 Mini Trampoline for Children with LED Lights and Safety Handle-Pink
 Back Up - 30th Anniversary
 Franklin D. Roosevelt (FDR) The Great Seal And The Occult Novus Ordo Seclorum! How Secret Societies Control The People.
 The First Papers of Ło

# [Problem description]
Reproduce the whole listing above exactly.

# [Solution to this problem]
 Mini Trampoline for Children with LED Lights and Safety Handle-Pink
 Back Up - 30th Anniversary
 Franklin D. Roosevelt (FDR) The Great Seal And The Occult Novus Ordo Seclorum! How Secret Societies Control The People.
 The First Papers of Ło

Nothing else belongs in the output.